Сами хотел уже раскрыть рот, чтобы повторить свою просьбу, но тут позади них наверху загудел орган. Оглянувшись, Сами увидел на балконе над входом множество свистков и трубок разной величины, самые длинные доходили почти до потолка. Это и был орган. Над перилами балкона виднелась плешь органиста.

Богослужение началось с того, что из маленькой двери в конце церкви вышел поп. Он был в белой мантии с большим серебряным крестом на спине. Перекинутая через шею, как шарф, свисала на грудь полоса какой-то зеленой материи. Сперва поп повернулся ко всем спиной и, нагнув голову, встал на колени перед картиной. Под картиной был длинный стол, а на нем лежала большая книга и горели свечи в ряд.

Через несколько секунд поп поднялся с колен и, стоя против прохода, разделяющего ряды скамей, начал говорить речь. Самым обыденным голосом поп сказал о своей радости по поводу того, что церковь заполнили молодые люди. Еще бы, как же церкви не быть заполненной, ведь сюда велели явиться всем классам, иначе не выдадут свидетельств. Их должны были вручать в школе после похода в церковь.

Богослужение оказалось странной церемонией. Время от времени по команде попа все вставали и молились вслух. Иногда протяжно пели псалмы. Номера псалмов покачивались на гвоздиках на черной доске. Сами одолевала зевота. У него и псалтыря-то не было. Отец считал его ненужным.

Затем поп взошел на трибунку, подвешенную на одну из колонн. Оттуда он наверняка хорошо видел весь зал. Над трибункой была своя маленькая крыша. Неужто купол церкви протекает? Иначе зачем еще эта дополнительная крыша? Поп говорил о весне, цветах, птицах и юности. И теперь, с трибунки, он говорил совсем не так, как прежде, внизу. Голос его порой делался высоким, почти пронзительным, он растягивал слова, слегка подвывал, и казалось, вот-вот запоет.

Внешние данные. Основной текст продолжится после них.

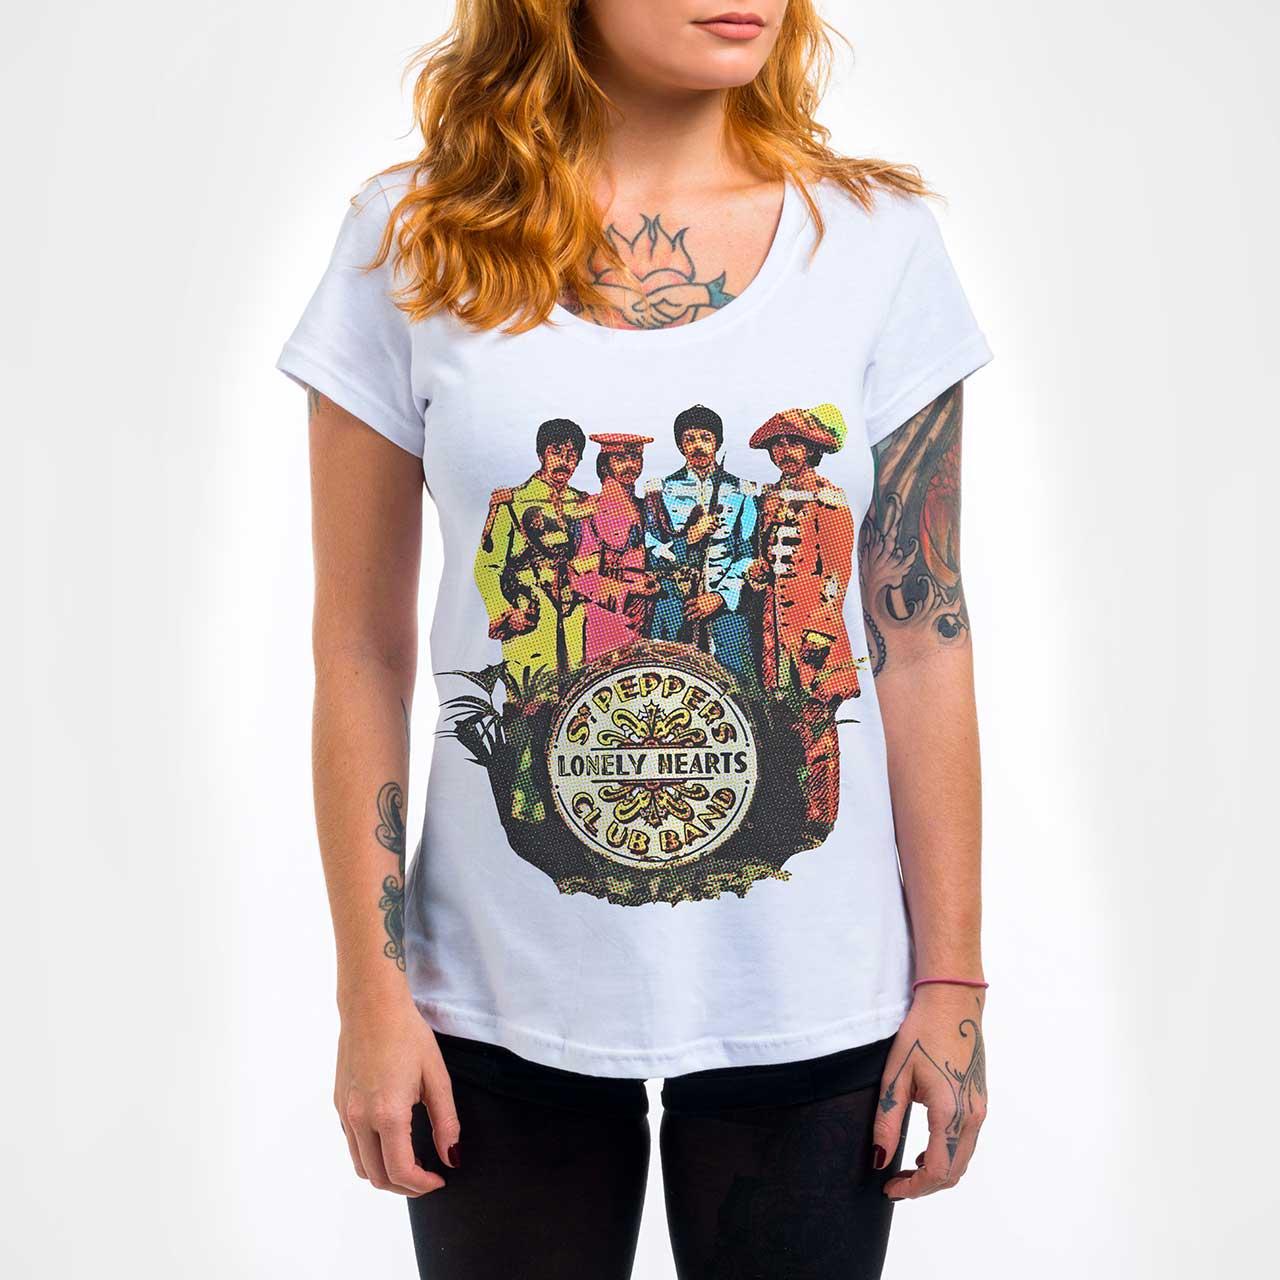 Camisa Feminina - Sgt Peppers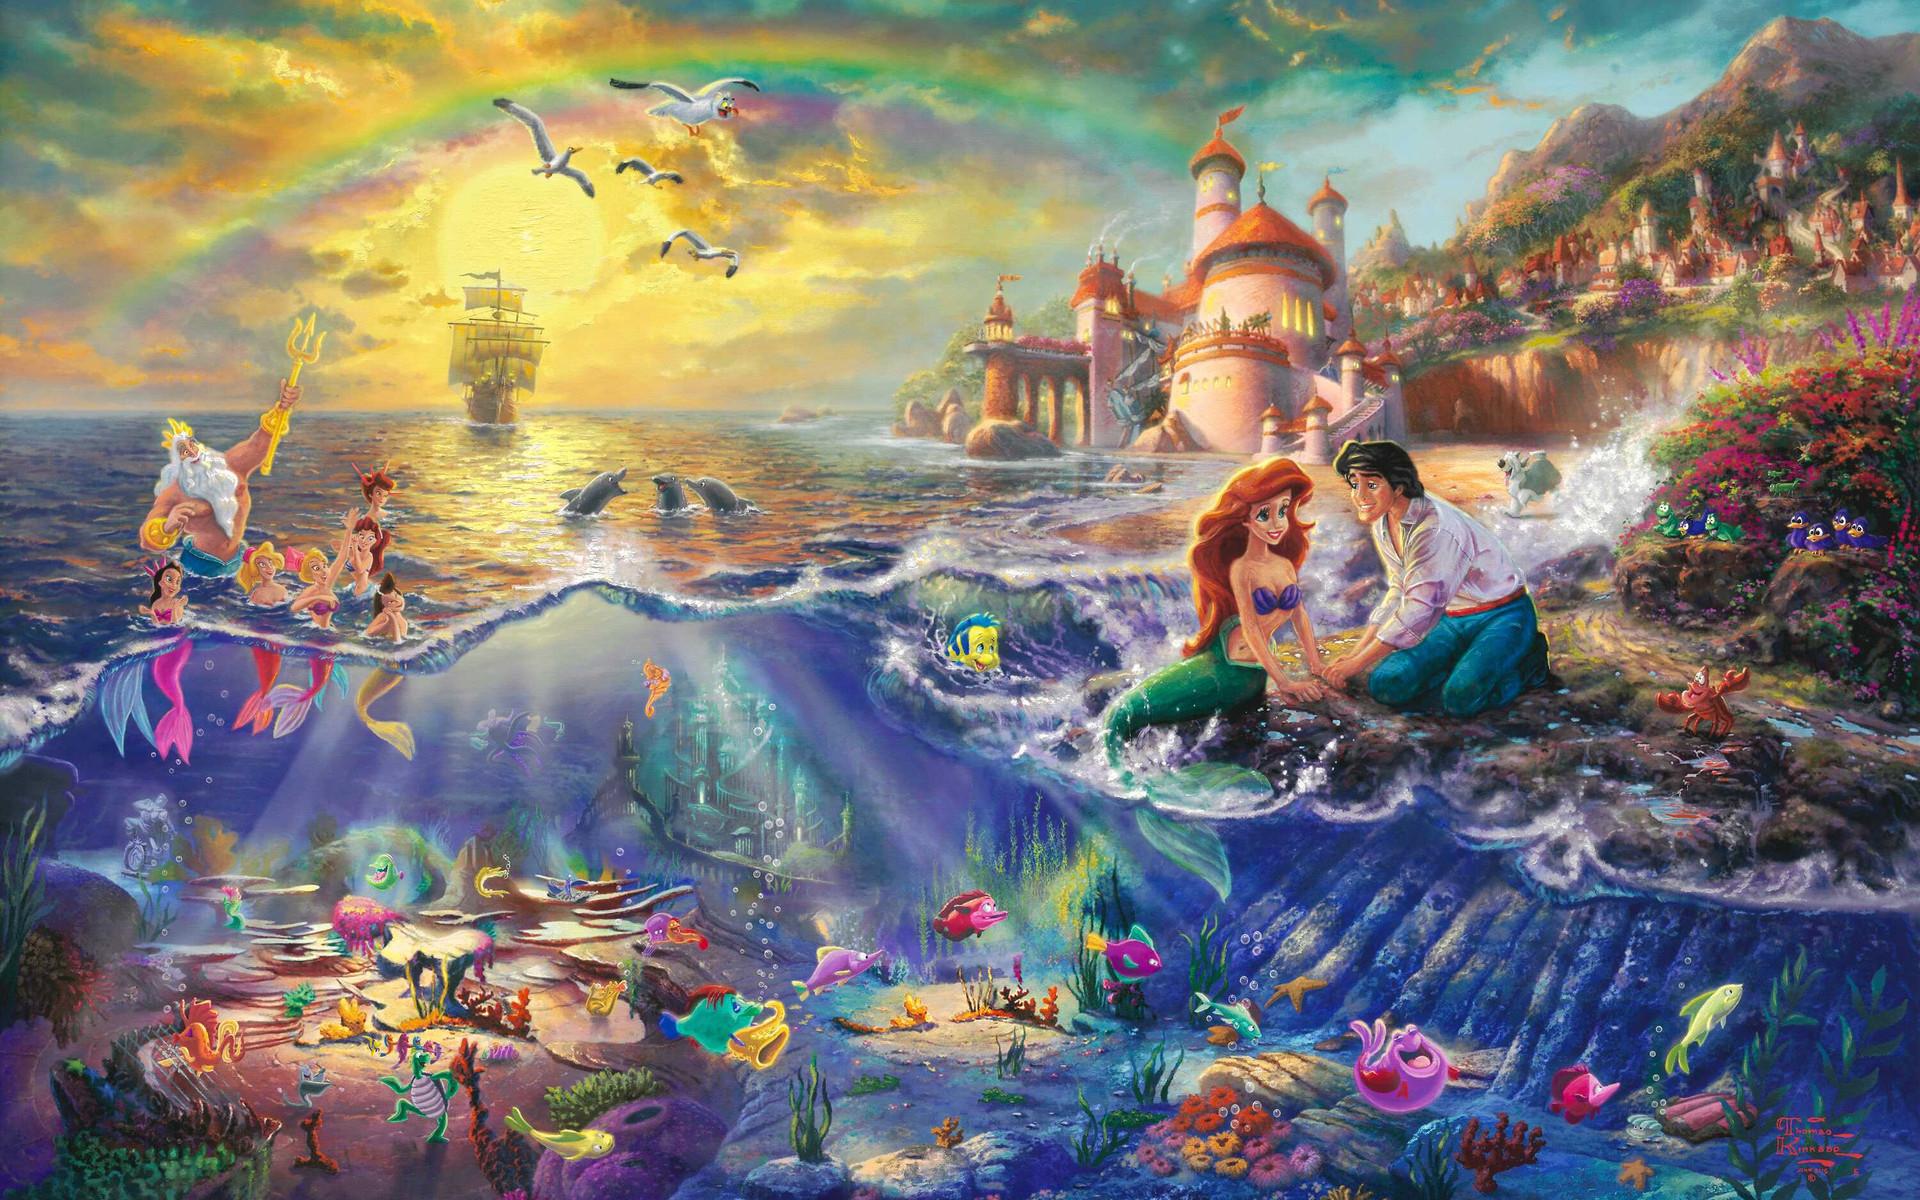 Disney Desktop Wallpaper 64 Images

Слушать попа Сами быстро надоело. Он не понимал, о чем тот толкует. Ведь если столкнешься с парнем с улицы Туули, о милосердии и заикаться не стоит. Я ни о какой драке поп не говорил. При чем же тогда милосердие? И ведь поп сказал, что это милосердие оказывается всем каждый день. И еще он говорил об искуплении. Выкупе? Но это не имело ничего общего с таким выкупом, как при игре в фанты. Странно. И он здорово говорил о грехах, только не объяснил, что это такое. Небось то, чем старшие классы занимались сейчас на задних скамьях. Оттуда слышались приглушенные голоса, скрип скамей, топот ног, смешки, возня, похрюкивание, деланный кашель. Учителя сидели, вытянув шеи, и бросали туда убийственные взгляды, но беспокойный шумок все усиливался. Поп уставился на задние скамьи. Шумок стих, когда он сказал:

— Вы, милые молодые люди, там, в задних рядах, вскоре вы будете на беговой дорожке жизни наравне со взрослыми. Слабым такого соревнования не выдержать. В чем вы найдете поддержку? Что будет вам наградой за победу?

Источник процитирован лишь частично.